Plea In Supreme Court Questions MP Prison Law As Discriminatory Against Denotified Tribes Due To Vague Definition Of Habitual Offenders

Update: 2025-11-01 04:15 GMT
Click the Play button to listen to article

The Supreme Court today(October 31) allowed an intervention filed by the Criminal Justice and Police Accountability Project, arguing that the State of Madhya Pradesh has violated the 2024 Sukanya Shantha judgment through its Madhya Pradesh Sudharatmak Sevayen Evam Bandigrah Adhiniyam, 2024, in the suo moto matter concerning discrimination inside prisons in India. As per the intervenor, the 2024 Act contains various provisions that discriminate against denotified tribes. 

In Sukanya Shantha judgment, the Supreme Court observed that discrimination inside prisons based on grounds of caste, gender, and disability is illegal and initiated a suo motu proceedings titled In Re: Discrimination Inside Prisons in India, which it continues to monitor for compliance with the directions passed. For the denotified tribes, it was observed that discrimination against them is prohibited under the ground of "caste" in Article 15(1) of the Indian Constitution. 

A bench comprising Justice JB Pardiwala and Justice Viswanathan allowed the intervention application, which was mentioned by Senior Advocate Aparna Bhat. The intervenor has submitted that Madhya Pradesh defines a habitual offender as "prisoners who are sent to prison and correctional institutions repeatedly for their crimes," which is void for vagueness, manifestly arbitrary and violates the 2024 judgment.

In the Sukanya Shantha judgment, the Supreme Court had observed that the treatment of denotified tribes in colonial and post-colonial India was discriminatory against them as they were based on stereotypes. It took particular note of how State prison manuals reinforced stereotypes against the denotified tribes by conflating them with "habitual criminals".  

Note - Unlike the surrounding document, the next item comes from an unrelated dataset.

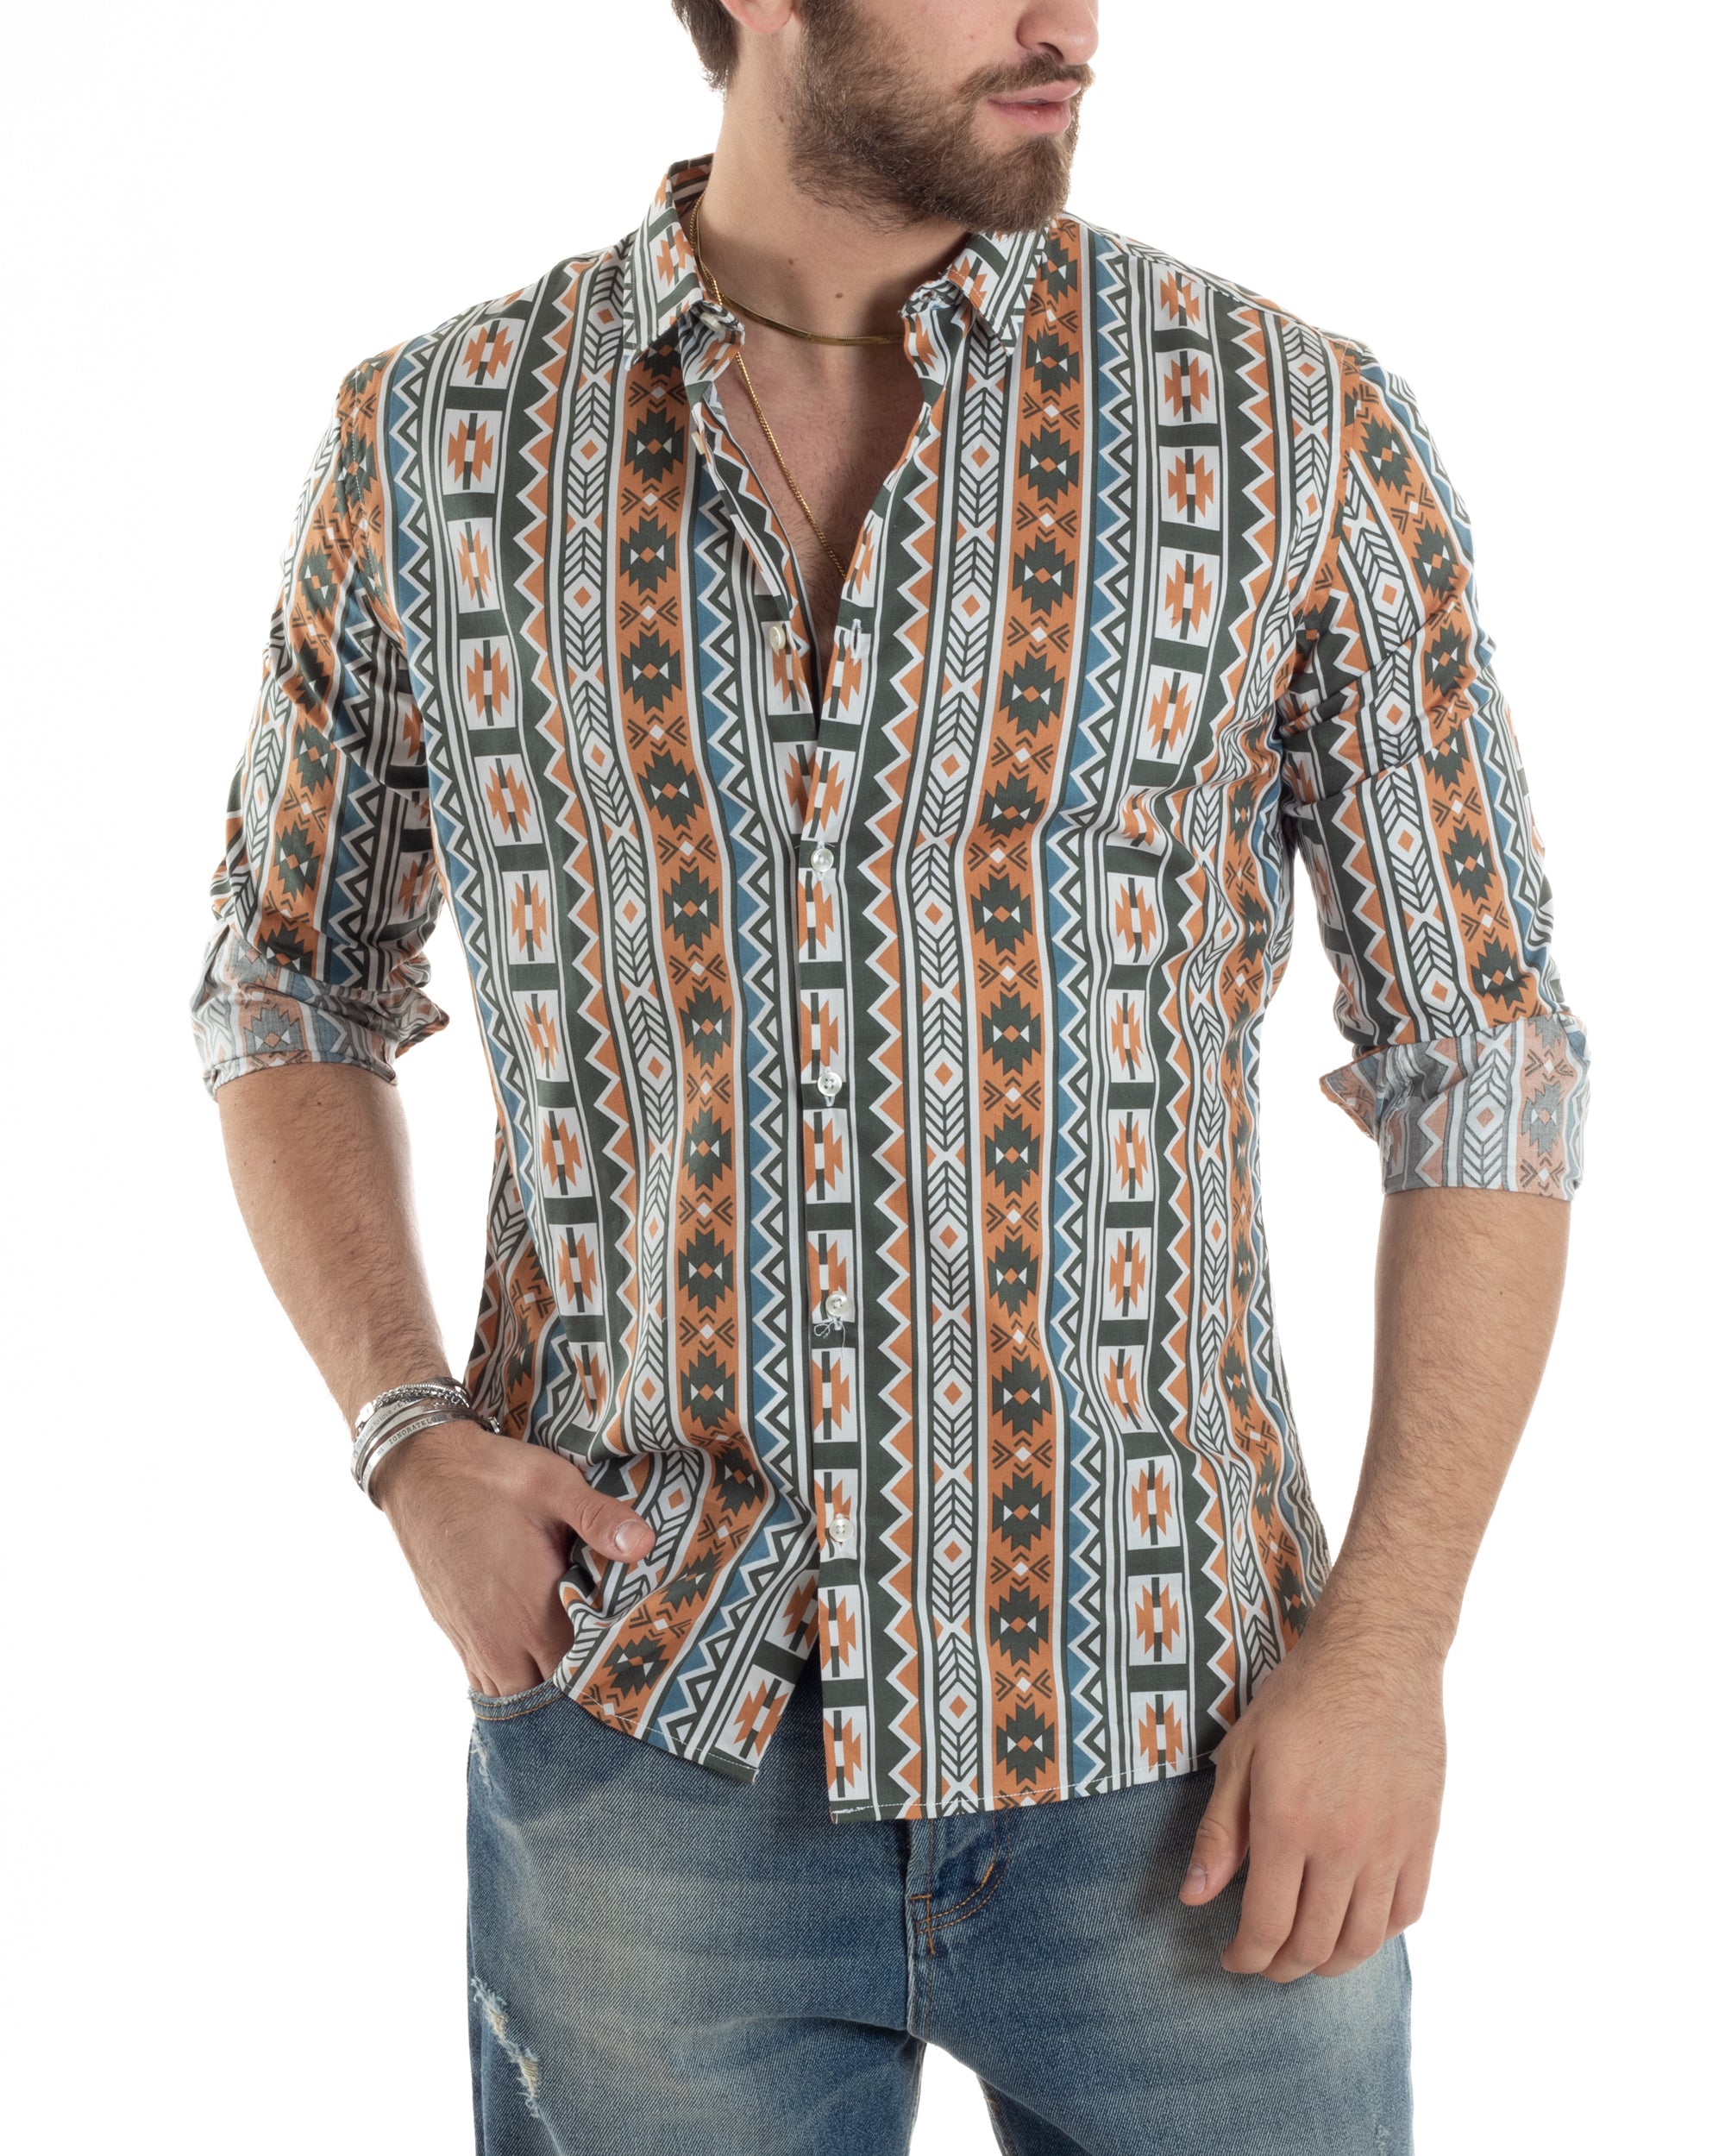 Camicia Uomo Con Colletto Manica Lunga Regular Fit Multicolore Fantasia Etnica GIOSAL-C2859A

It directed that all references to the term habitual offender shall strictly be in accordance with law: "References to “habitual offenders” in the prison manuals/Model Prison Manual shall be in accordance with the definition provided in the habitual offender legislation enacted by the respective State legislatures, subject to any constitutional challenge against such legislation in the future. All other references or definitions of “habitual offenders” in the impugned prison manuals/rules are declared unconstitutional. In case, there is no habitual offender legislation in the State, the Union and the State governments are directed to make necessary."

The applicant has now stated :

"In the Sukanya Shantha's judgment, the Court had held that vague language employed in laws concerning habitual offenders was constitutionally suspect because it leads to authorites being able to exercise discretion in an unjust manner, and declare persons as habitual offenders merely on the basis of suspicion."

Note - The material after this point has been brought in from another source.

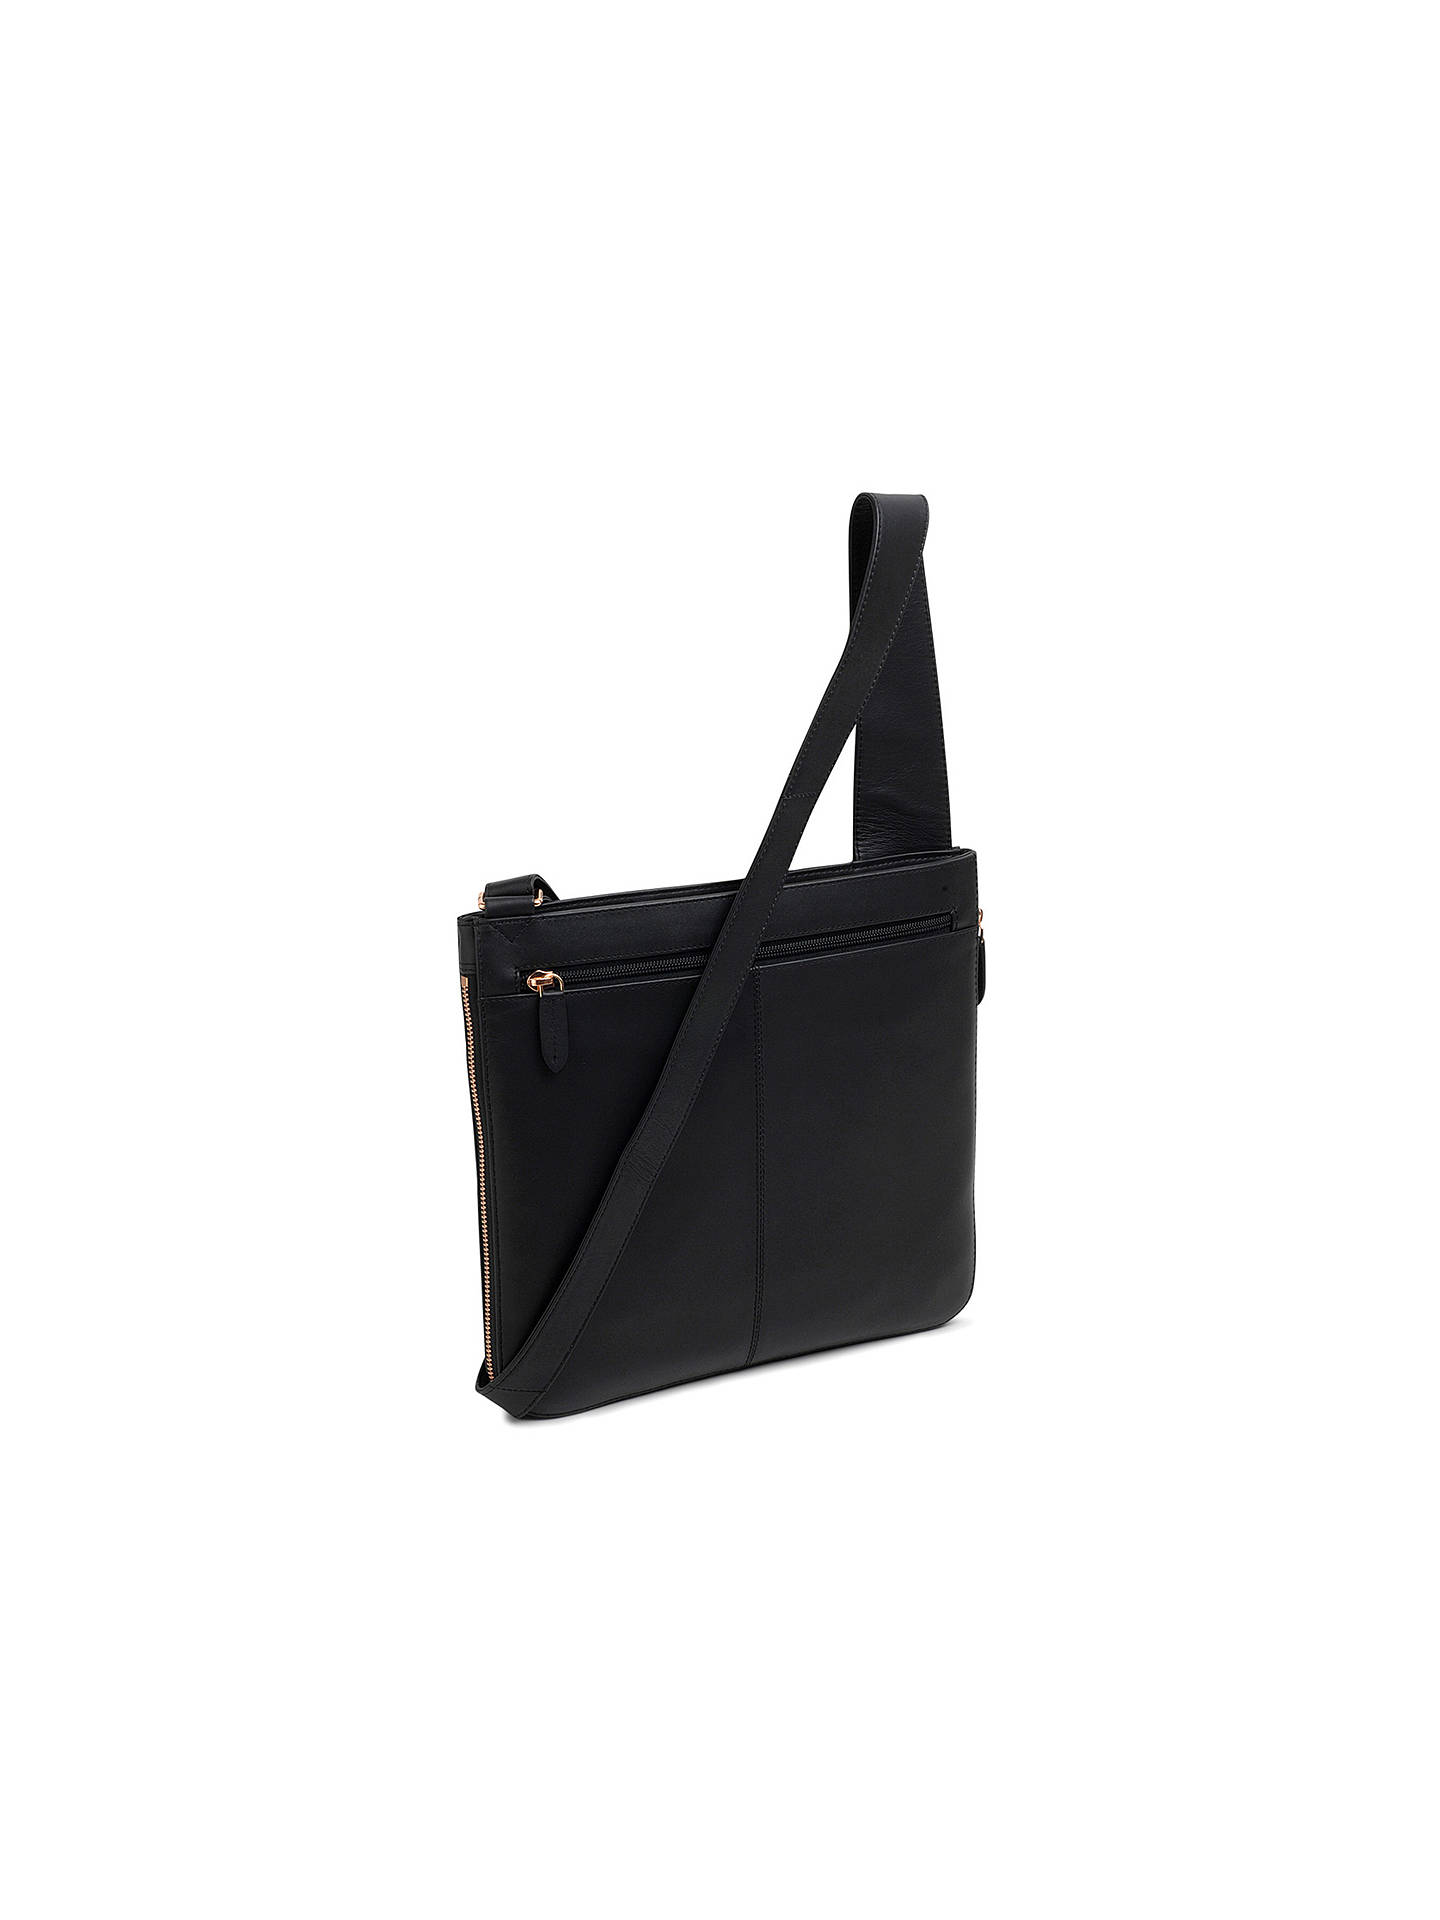 Radley Pocket Bag Leather Large Cross Body Bag, Black at John Lewis & Partners

Section 6(3) stipulates that each central prison and correctional institution/district prison should have a separate ward for high-risk prisoners/recidivists/habitual offenders in order to protect other inmates from mingling with them.

"This has the effect of collapsing differently situated categories of prisoners into the same category. It is a settled principle of law that only those similarly situated may be treated equally, and thus the said classification of prisoners is not a reasonable classification and is violative of the principles of Article 14." 

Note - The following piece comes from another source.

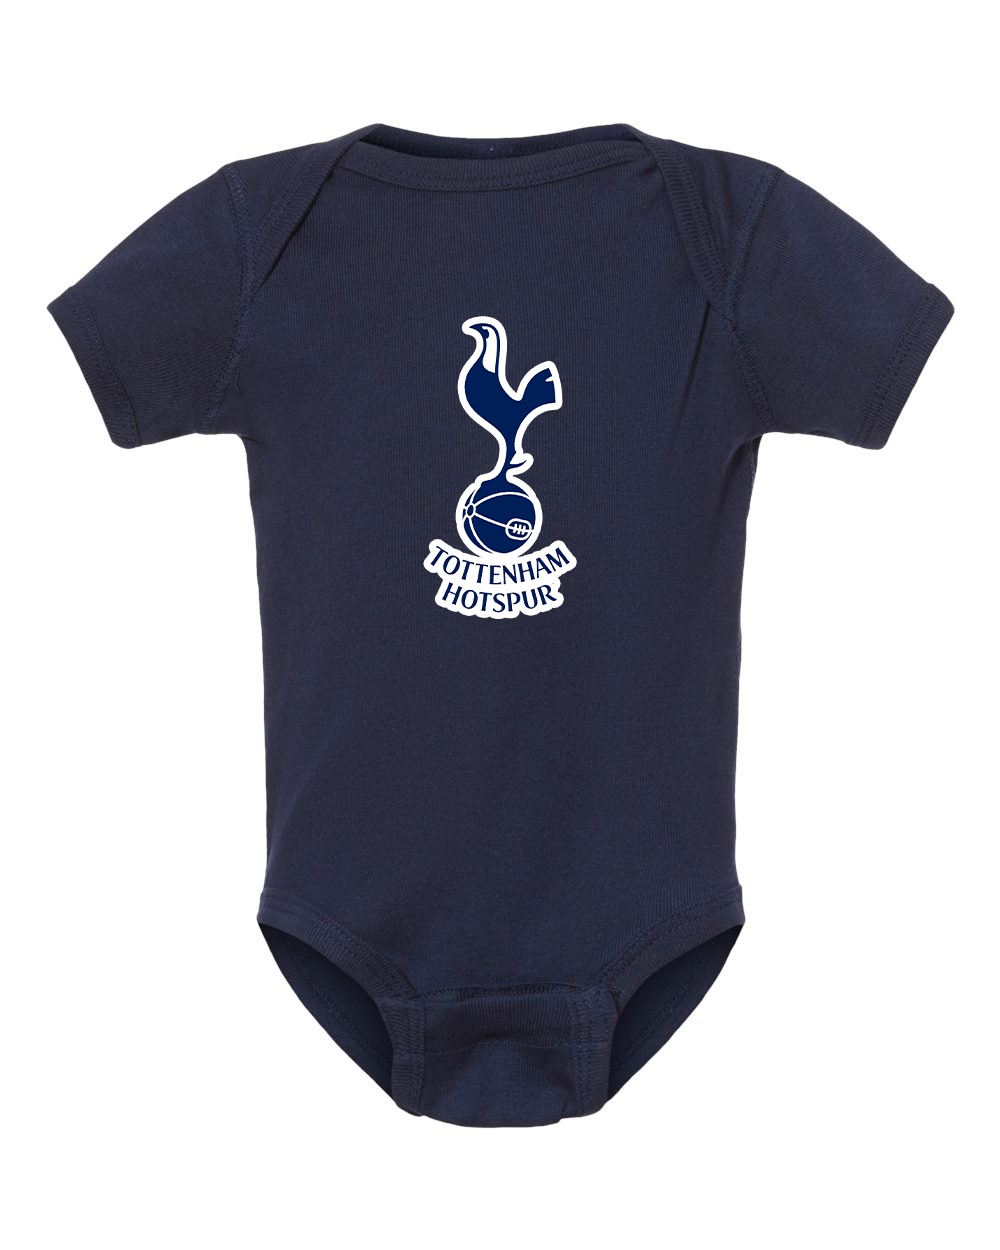 Baby Tottenham Hotspur F.C. Soccer Romper Onesie

Further, it is stated that Section 27(2) empowers the classification and security assessment committee to classify the prisoners into three categories- civil, criminal and detenues. There is further sub-classification, and one of the categories for it is that the person is a habitual offender. It is argued that it is manifestly arbitrary because of its disproportionate impact on denotified tribes.

Lastly, it is stated that Section 28 empowers the authorities to take all appropriate measures for protecting society from habitual offenders. It also permits their segregation based on vague and excessively broad factors such as "available background records and history tickets". It also denies parole and furlough to habitual offenders. 

"Section 28 is therefore unconstitutional for stipulating differential, rights restricting measures against denotified tribes through the proxy of 'habitual offenders' and for sanctioning discriminatory treatment against them."

Other provisions, such as Section 29 allowing surveillance of high-risk prisoners and habitual offenders, have also been challenged for violating the 2024 judgment.

The bench has now asked the intervenor to file a substantial directions application regarding the 2024 Act.

Case Details: IN RE: DISCRIMINATION INSIDE PRISONS IN INDIA| SUO MOTO No. 10/2024

Click Here To Read Order

Appearances: Senior Advocate Aparna Bhat appeared for the intervenor, assisted by Dr. Malavika Prasad, Adv, Nikita Sonawane, Adv and Yash S Vijay AOR.